I remember how odd it felt reading that reply. It brought back something from my childhood, I wasn’t sure what. I think I imagined how nice it would have been to be treated that way when I was a child. I wanted to know more about it so I subscribed to the Taking Children Seriously list.
It was a topsy-turvy few months at first. Most of the spinning was in my head as I tried to figure out Taking Children Seriously. Some of it sounded wrong, but I wasn’t sure if that was because it was wrong or because I didn’t understand it, so I decided to keep trying until I figured it all out. I questioned everything. I challenged everything Taking Children Seriously advocates said that sounded wrong to me. I played devil’s advocate. After thinking about it with a spinning head for a few weeks I starting to talk to my wife about it. Amazingly, she seemed to understand it easily and to agree with it in a fraction of the time I was taking. I still don’t understand how that worked.
Since then I have gradually learned about Taking Children Seriously. Early on I decided to try to take my children seriously and I have been ever since.
One of the most interesting parts of Taking Children Seriously to me is trying to understand how children get twisted into bad, self-defeating patterns of thinking and dealing with the world. Perhaps the main thing that drew me to Taking Children Seriously was the thought that it might be possible not to so twist my own children.
Recently there was a conversation on the internet about children who are labeled with one of those ‘neurological conditions’, such as Asperger’s Syndrome, ADD, ADHD, and numerous other pseudo-medical diagnoses. A parent was explaining what life is like for and with his child, who has been diagnosed. It was heartbreaking. The parent talked about structuring the child’s environment and drug therapy. He clearly sees himself as a kind, loving parent who is helping his child to live with her difficult condition. But he sees her through the glasses of his theory that she has a problem, and so, of course, she does.
When I read such stories, I feel overwhelmed with gratitude that our family found Taking Children Seriously. There but for the grace of something or other go I… But for Sarah [Fitz-Claridge’s] post on misc.kids, it might be me saying these things about my children! But for Taking Children Seriously, my own children might now be living with one of those ‘neurological condition’ labels. But for Taking Children Seriously, we might have inadvertently coerced our children into such a syndrome. Have you ever just missed a head-on collision in your car? Or just missed falling from a dangerous height? You remember the rush of feeling you get immediately afterward? I feel like that.
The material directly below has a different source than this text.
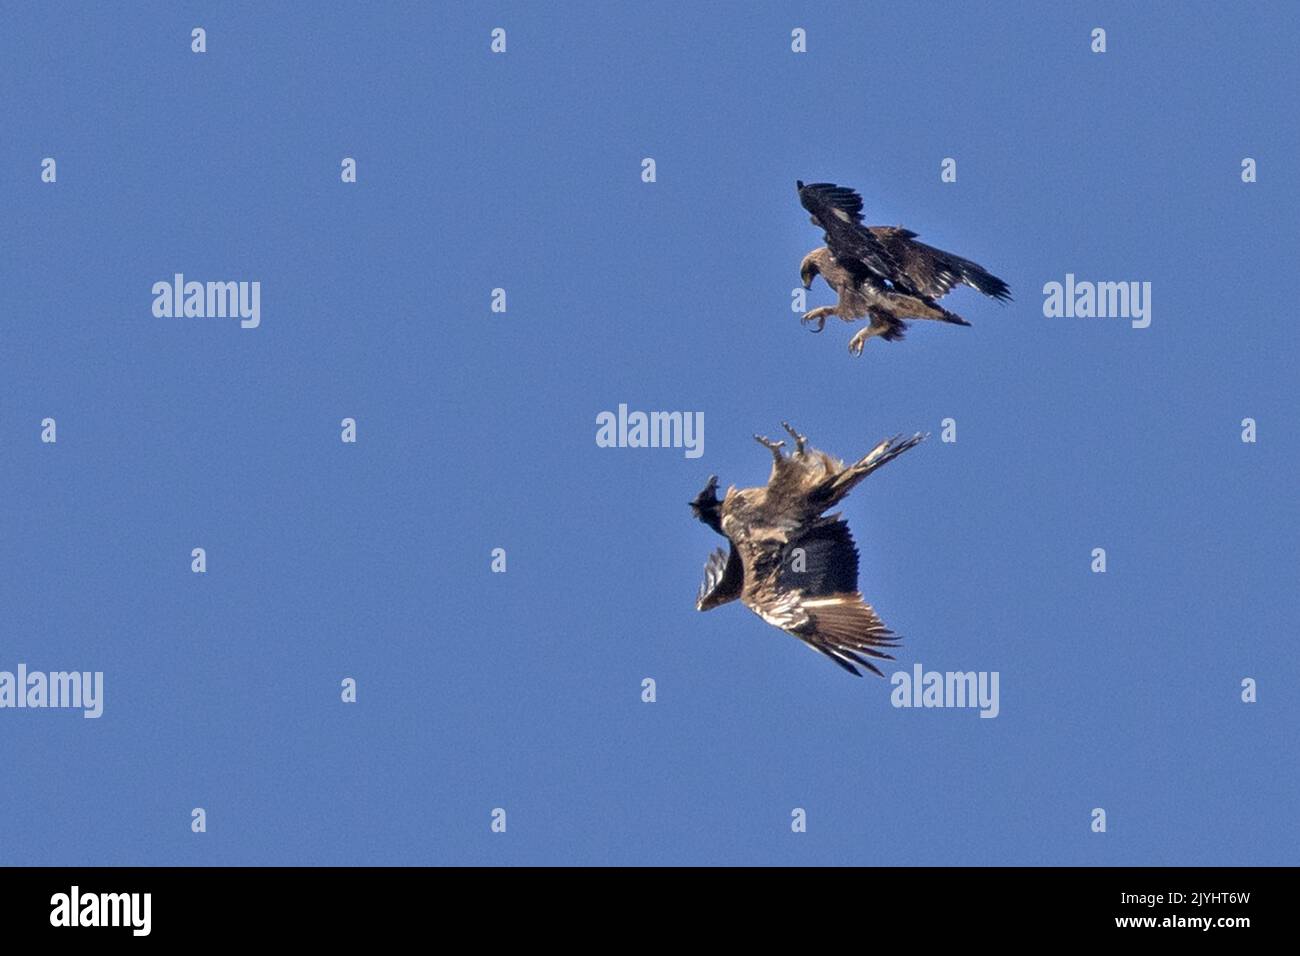 Aquila reale (Aquila chrysaetos), aquila reale in volo attacca un avvoltoio portoroso giovanile, Italia, Parco Nazionale del Gran Paradiso Foto Stock

It is a cold fear followed by a warm rush without losing all the cold fear thinking about what might have happened. If my wife and I had tried to direct, coerce, or correct our children in the conventional way, they might have been unable to solve their problems. They might be stuck staring at walls all day or be stuck horribly confused about important things in some other way. Instead they are steadily, remarkably, amazingly figuring out how to solve their problems because we all consider such coercion wrong and try to avoid it like the plague. It is the coercive control that makes them stuck, not the starting point of their problem.
I guess I don’t really have much else to say other than to say thank you, Taking Children Seriously, from the bottom of my heart for helping me and my family so much.